Справился — слава Богу! Вернулся к застолью. Пока меня не было, вынесли горячее — мясо по-французски. Оно было таким искрящимся, переливающимся жирком на закатном солнце, что устоять не было сил. Напоили компотом из сухофруктов, накормили всем, что было, пришлось расстегнуть верхнюю пуговицу брюк — мне такие оголения не свойственны, но здесь было даже комфортно. Складывалось впечатление, будто я в «Старшем сыне» Вампилова [пьеса Александра Вампилова в двух действиях, где главный герой Володя Бусыгин случайно выдает себя за потомка семьи Сарафановых. Со временем Володя становится настоящим членом семьи — прим.ред.] — тот самый ребенок из ниоткуда. Параллельно мы кидались разными фразами друг о друге, семейство уж больно интересовало, как я вообще здесь очутился. Рассказал, что журналист, что люблю культуру нашей страны, что в поселке вместе с группой. Они же, осознав, что я «свой», начали рассказывать о жизни. Тут мое профессиональное нутро возрадовалось.

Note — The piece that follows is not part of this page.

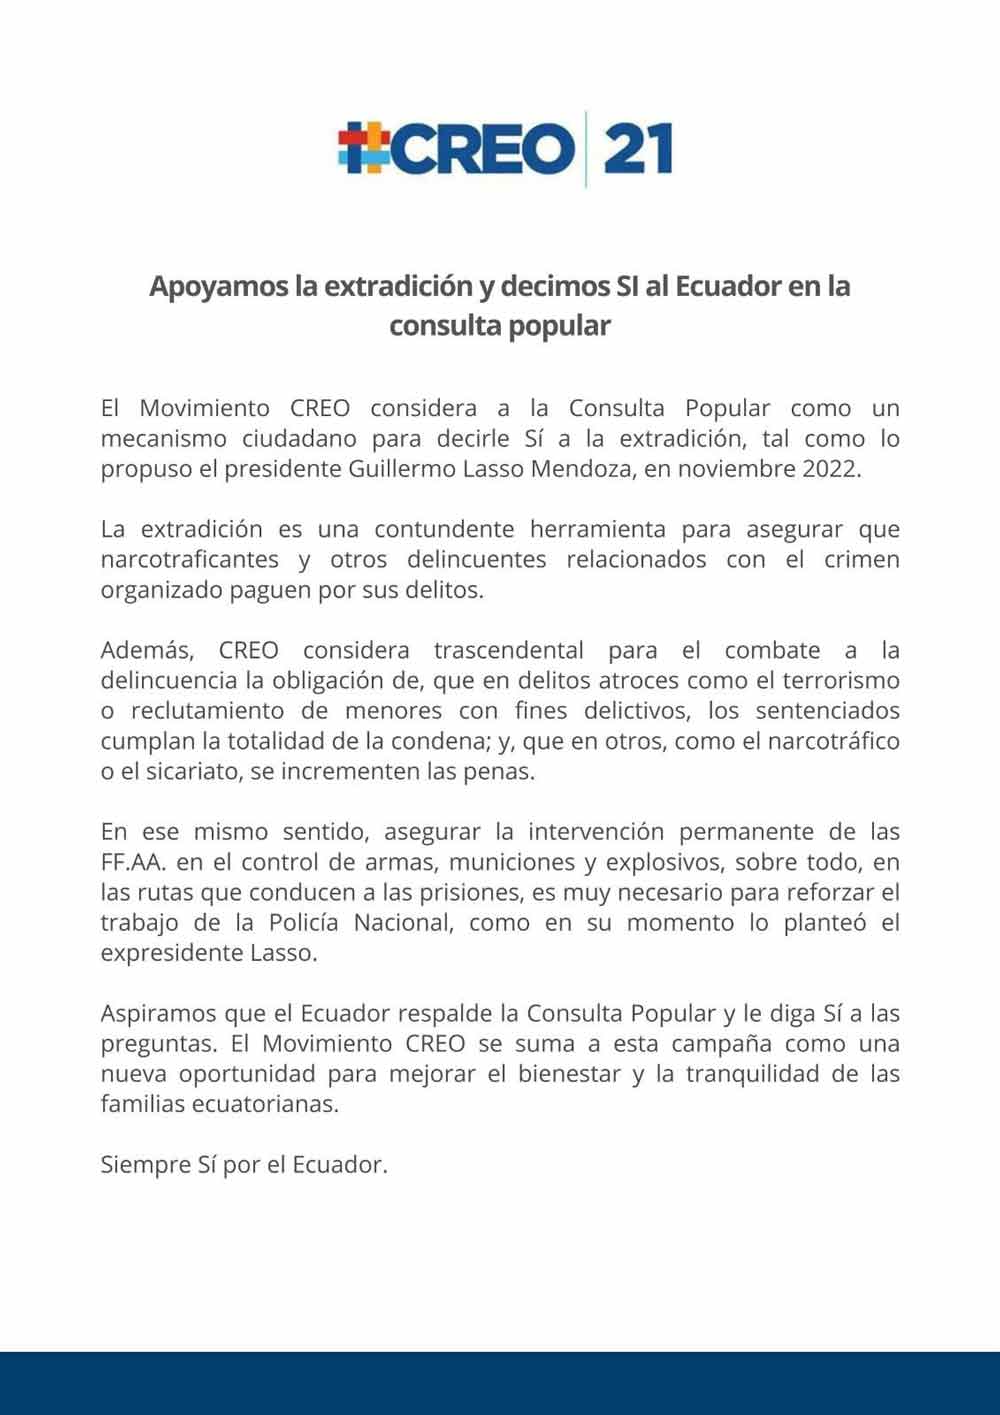 Consideramos a la Consulta Popular como un mecanismo ciudadano para decirle Sí a la extradición, tal como lo propuso el presidente Guillermo Lasso, en noviembre 2022.

Я упоминал, что в поселке не было художников, но забыл сказать пару слов об одном, который действительно здесь жил. Александр Герасимов — певец соцреализма. Он получил место в кооперативе и заселился в зеленый дом — тот, на территории которого я сейчас нахожусь. Оказалось, что сижу я с его дальними родственниками — седьмой водой на киселе. В бурных речах я так и не понял, кем они друг другу приходятся, но услышал много интересных подробностей о нем. Когда Герасимов заселялся сюда, многие его невзлюбили. Он был человеком искусства — другим. Писал Сталина, был настоящим виртуозом мазка. Признание таланта добавляло ощущение собственной важности, делало его надменным человеком. Но какое дело до всех этих нежностей рабочему классу? Собственно, никакого. Оттого и не любили, и не уважали. Может, он и человек был так себе, черт его знает. Когда дом строили, то тоже было непросто — как будто все не ладилось, да и стояло на духе святого коммунизма. А вообще со мной делились деталями из быта художника, даже приносили наглядные примеры в виде тарелочек и блюдец. Так это было манко — интересные они люди. Сейчас, как я понял, от искусства в этой семье ничего не осталось — жених, кажется, работает ортодонтом. Оттого улыбки у всех за столом были в 32 зуба. Ослепленный, я вдруг осознал, что мне надо искать группу!